Dataset section:
^^^^^^^^^^^^^^^^

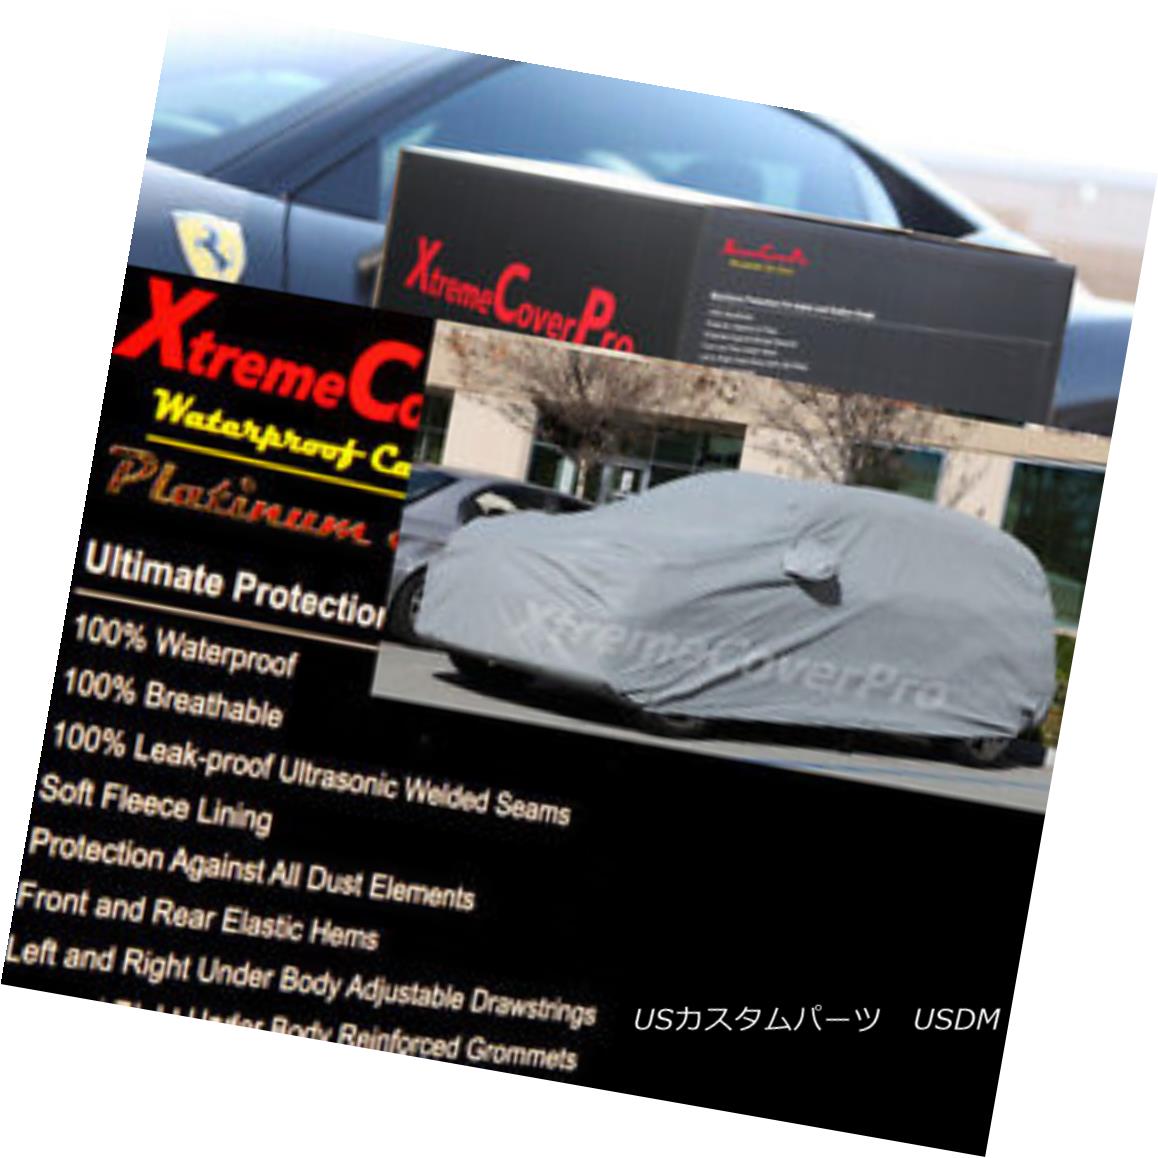 カーカバー 2015 MITSUBISHI OUTLANDER SPORT Waterproof Car Cover w/Mirror Pockets - Gray 2015 MITSUBISHI OUTLANDER SPORTミラーポケット付き防水カーカバー - グレー
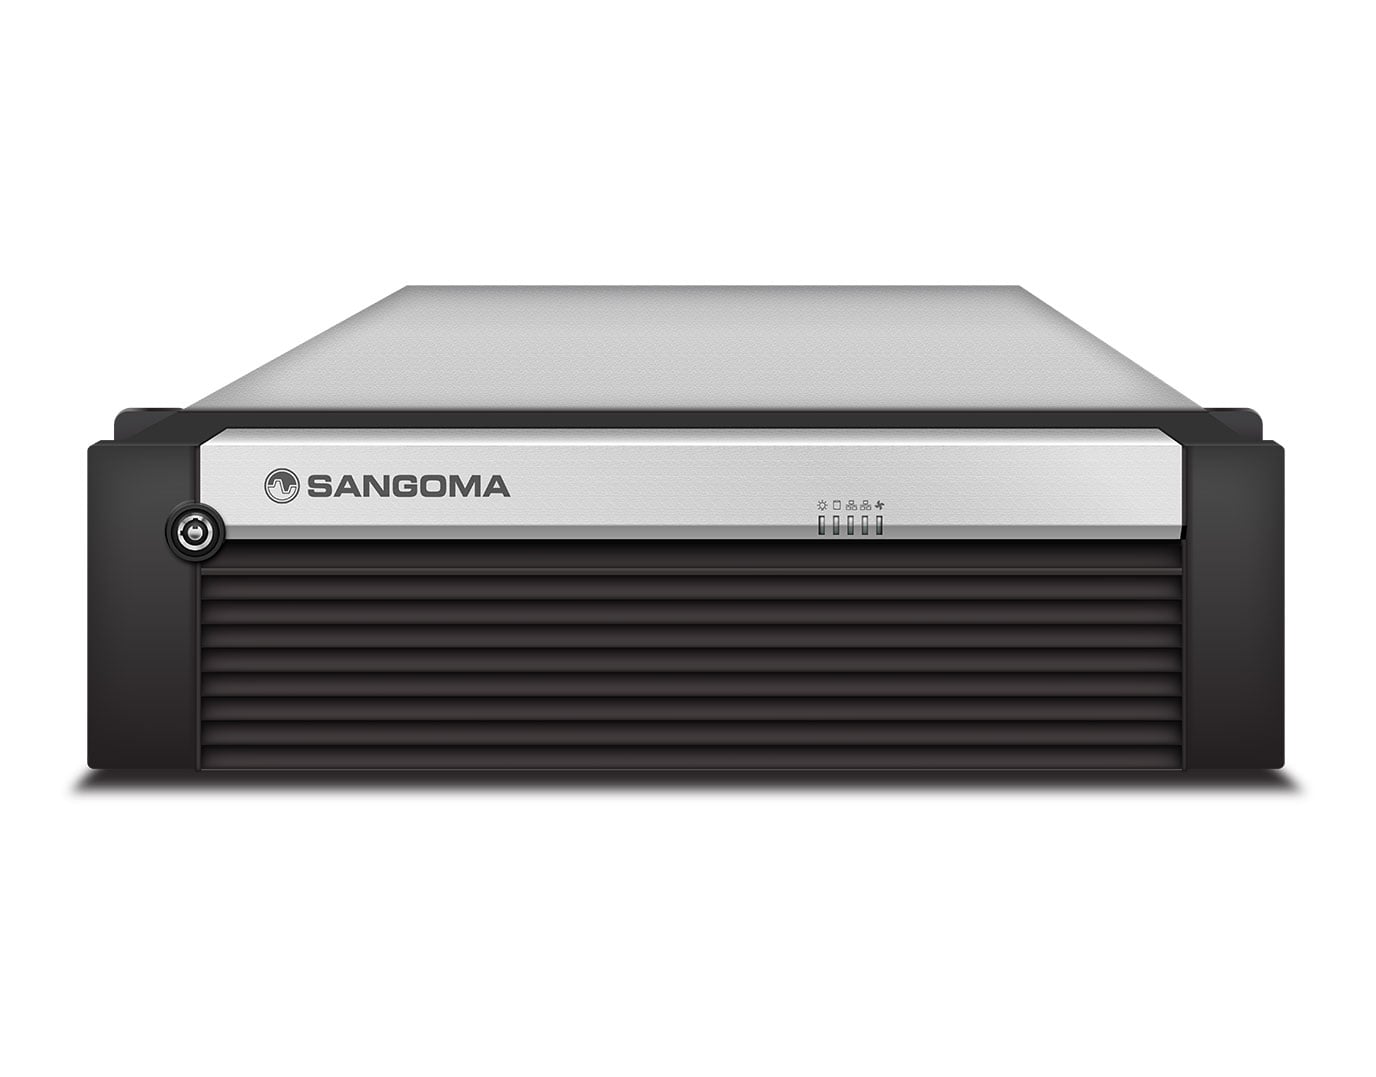 Sangoma PBXact UC 5000 Users Appliance - Rack Mount
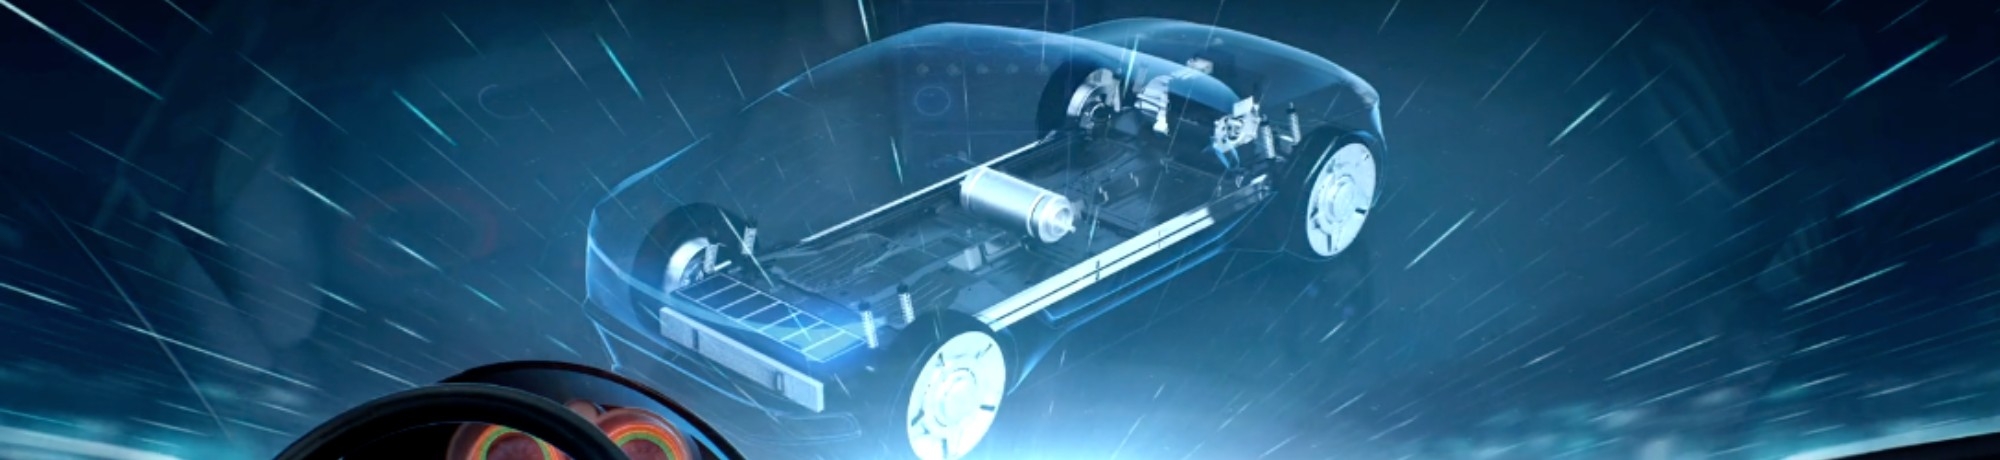 Futuristic car in a rendering

^^^^^^^^^^^^^^^^

What this task involves:
Repeat the listing exactly, minus its pictures.

The completed task:
 カーカバー 2015 MITSUBISHI OUTLANDER SPORT Waterproof Car Cover w/Mirror Pockets - Gray 2015 MITSUBISHI OUTLANDER SPORTミラーポケット付き防水カーカバー - グレー
 Sangoma PBXact UC 5000 Users Appliance - Rack Mount
 Futuristic car in a rendering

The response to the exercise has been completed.